The Future of African e-commerce: The Challenges of Scaling On the Continent

By  |  March 1, 2019

At present, e-business in Africa remains a challenge. It may be better than it ever has been, but the truth is that lower literacy and internet penetration levels continue to limit the growth on the continent. However, this will not remain the status quo for long, as smartphone proliferation increases, data costs decrease and usability improves. Wallets, now commonplace, are an excellent example of this’, bypassing the continent’s challenges around depositing, withdrawing and transferring cash, as well as buying airtime and electricity.



Africa represents one of the world’s finest untapped markets, pointed out by MTN’s Herman Singh during a recent presentation on ‘Scaling in Africa’. Unpacking the success story that is Jumia, Africa’s largest online marketplace, he illustrated that the growth of the platform across the continent is comparable to, if not more impressive than, In addition, 41000 active merchants in the ecosystem offered over 6.1 million products ranging from hotels, to real estate, jobs, TV, airtime, restaurants, flights and more.



He explains, “Africa’s e- and m-commerce opportunity has a potential client base of 400 million internet users, and a rapidly emerging middle class expected to grow by 54% between 2020 and 2030 and decreasing data costs in some countries (43-45% decrease in the lowest data plan in both Egypt and Nigeria between 2016 and 2017.” Additionally, in building out financial ecosystems – stores that offer a diversity of products or even online “malls” – Africans will no longer be limited by their location, as long as logistics and payment issues can be solved. Singh stated that Jumia has created a network of over 4000 logistics partners in order to work across the 15 countries they had been working in. And payment by cash at this stage was still commonplace, causing significant challenges.

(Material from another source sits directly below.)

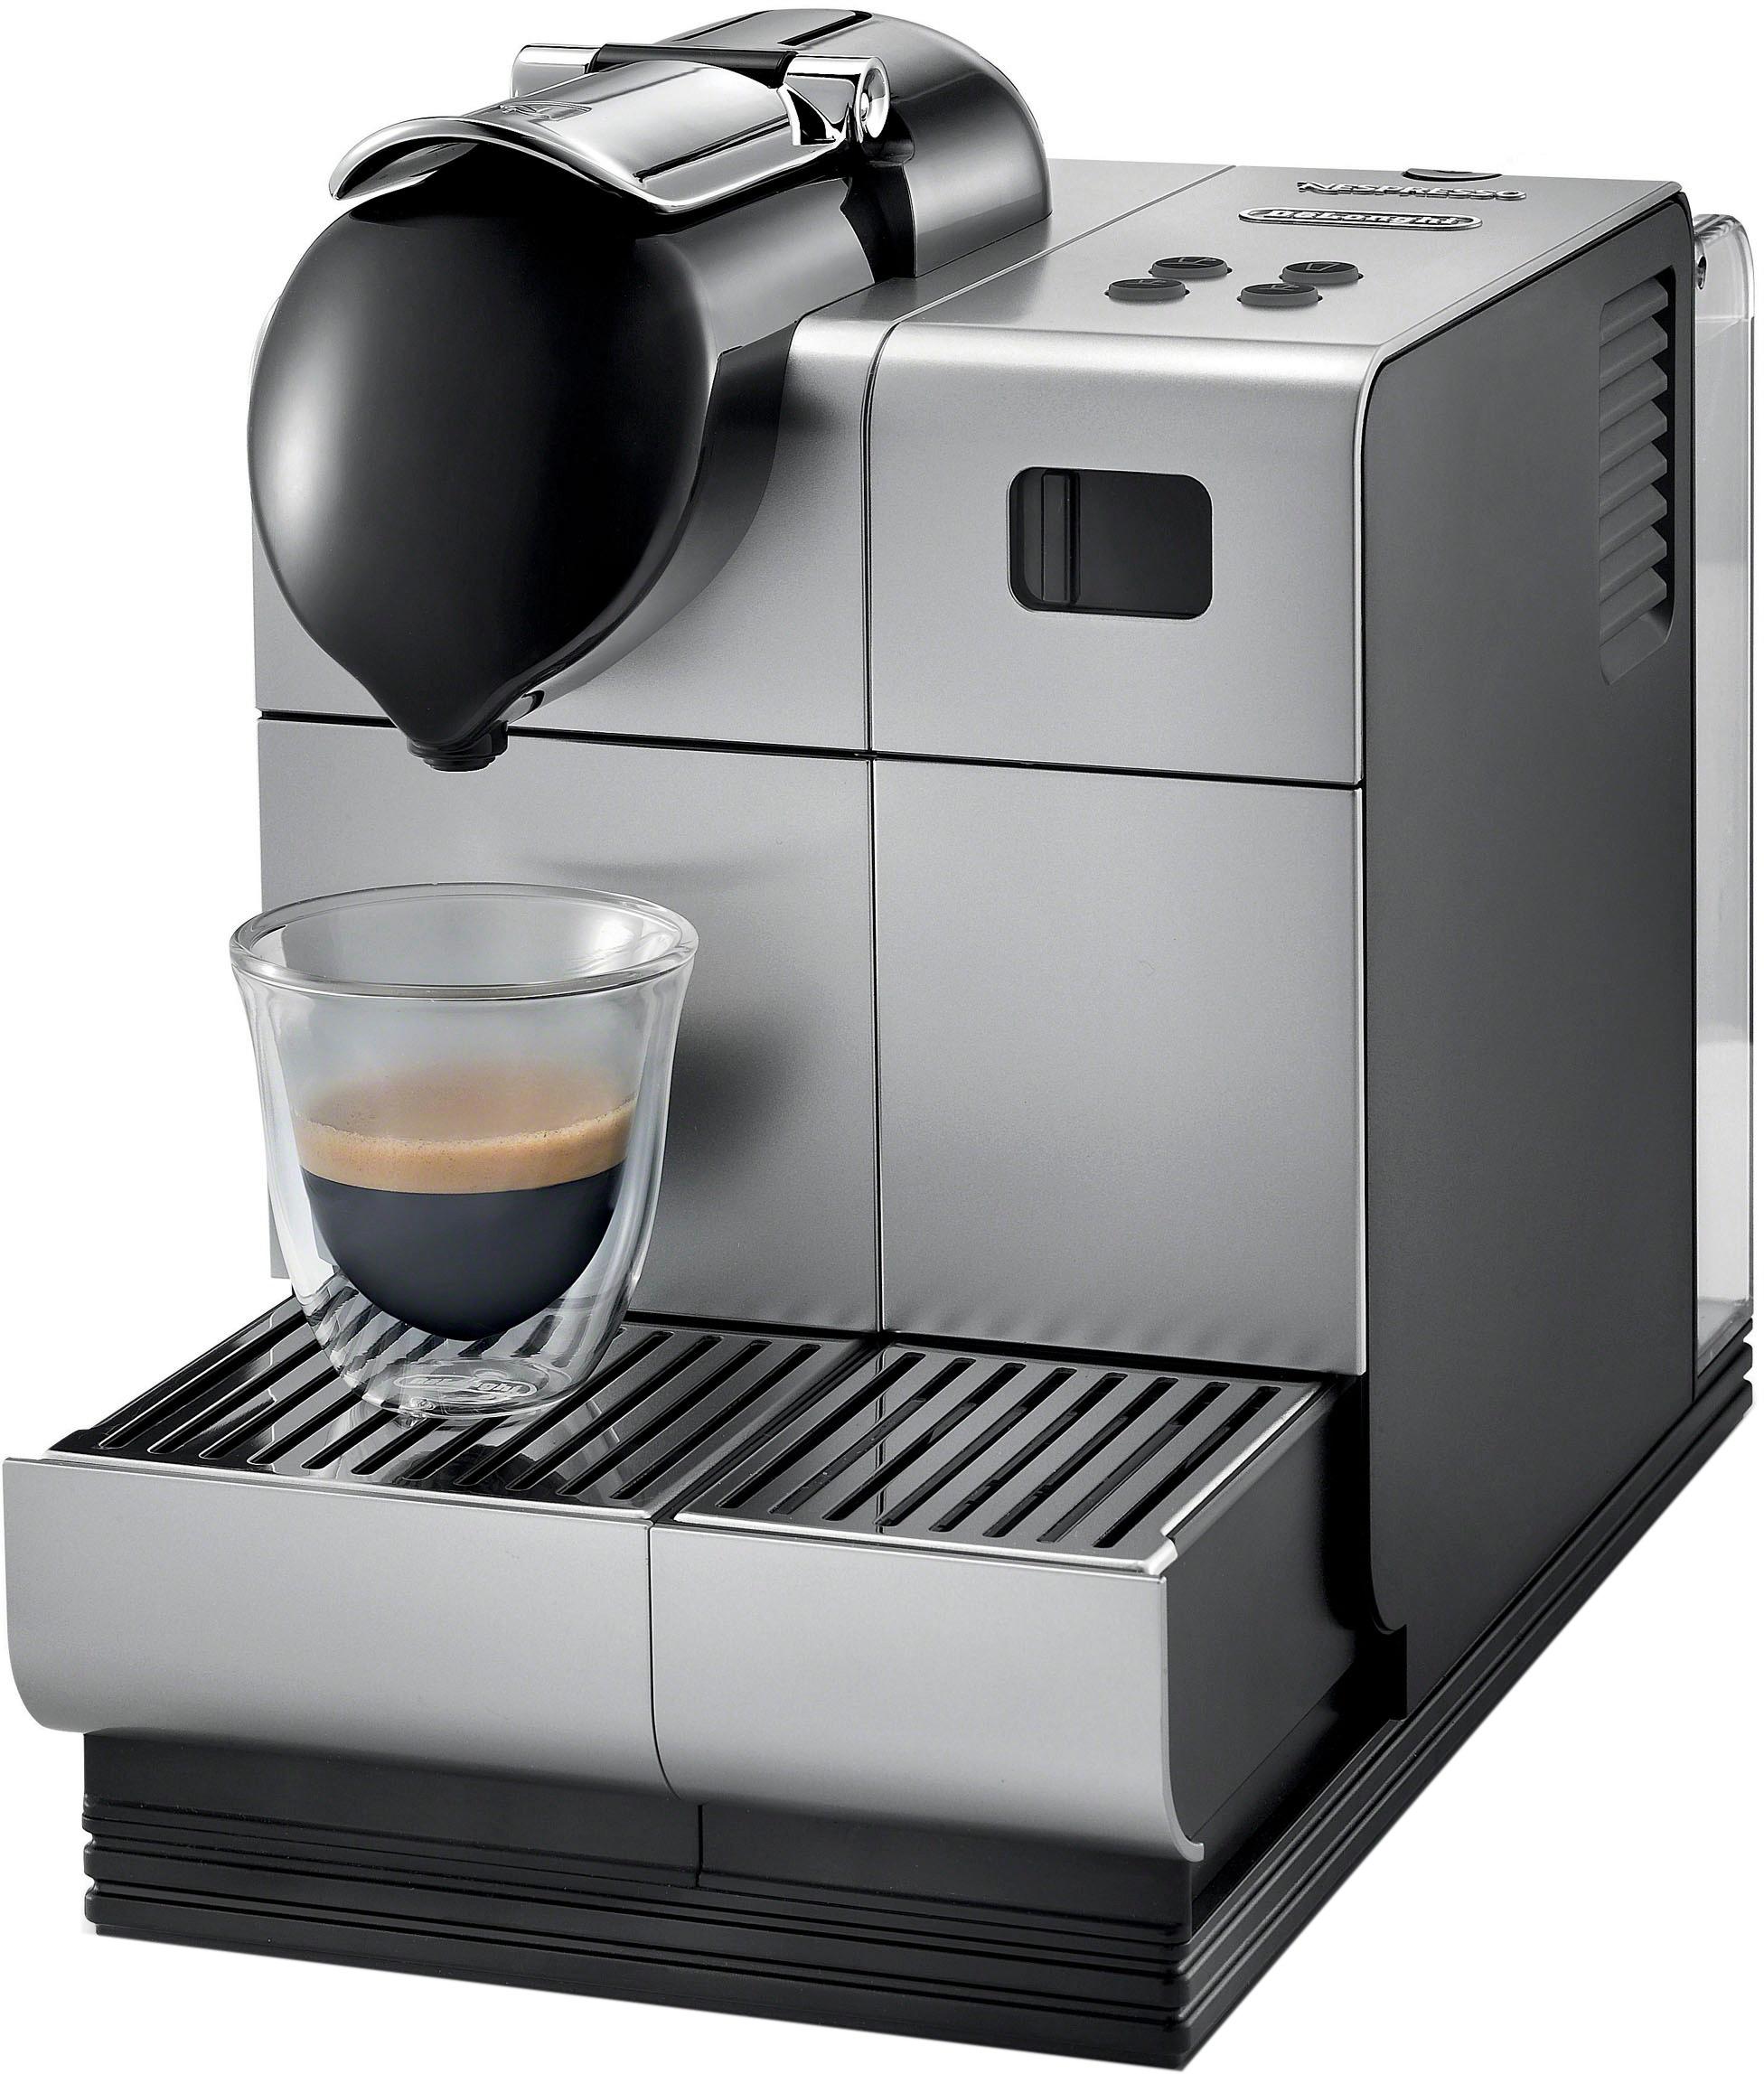 Coffee Machine Nespresso Delonghi Lattissima Manual Digital - Review ...

With respect to payment, enterprises on the continent are seeing the opportunity as well as global merchants now eager to be active in Africa, but need to understand and fast-track the regulation – or lack thereof – across infrastructure issues, handling of cash, wallets and alternative payment methods that they are not accustomed to. They want a one-stop payments provider to get them to these markets so they don’t have to deal with the complexities.

Karen Nadasen, Country Manager of PayU South Africa
Karen Nadasen, Country Manager of PayU South Africa

Karen Nadasen, Country Manager of PayU South Africa, the country’s leading payments provider, explains that the role of a ‘payments intermediary’ will be critical, having already dealt with the complexities in these countries and created its own relationships, partnerships and agreements but underpinned by the credibility, infrastructure and proven results of a global brand.

Nadasen says: “Global Enterprises do not have the time to make mistakes. Hyperlocalisation means we are knowledgeable about the markets we are in and “speak” the local language. This is particularly important with regards to licensing. As we know, some markets in Africa are not as regulated as SA, but this is starting to change. Our partnerships in SA, Kenya and Nigeria have been an essential springboard as we branch out through these “hubs” to cover the rest of Africa.”



The opportunities will be compounded as Sub-Saharan smart device growth is now the fastest in the world. As literacy levels increase, amidst Africa’s new dawn, digital services such as micro-finance will improve lives and enable people to do business, while marketplaces will bring products and stores to people so they can make purchases – assuming enterprises like Jumia continue to expand the delivery network and solve logistics challenges.

“From an African perspective, we use our single integration point for merchants to springboard into Africa using our global infrastructure – leaders in emerging markets in India, Eastern Europe, and Latin America – and then hyperlocalsing the expertise through our groundwork in Africa, offering cross-border execution on payments, compliance and fulfilment. It’s our experience across these emerging markets that has allowed us to deliver a UX that works in these types of market, keeping it simple and accessible.”

In his “What it takes to win” conclusion, Singh outlined why Jumia has been Africa’s most successful online case study to date. He attributes the company’s explosive growth to ten factors – establishing a community of users, building trust, access to the channel itself, a robust payment and micro-payment partner, fulfilment and logistics, merchandising, location and maximising customer insights.

Research firm Statista estimates that the e-commerce sector in Africa’ s 54 countries and 1.25 billion people generated $16.5 billion in revenue in 2017 and forecasts revenue of $29 billion by 2022, despite internet penetration lying at only 35 percent. The potential most certainly exists.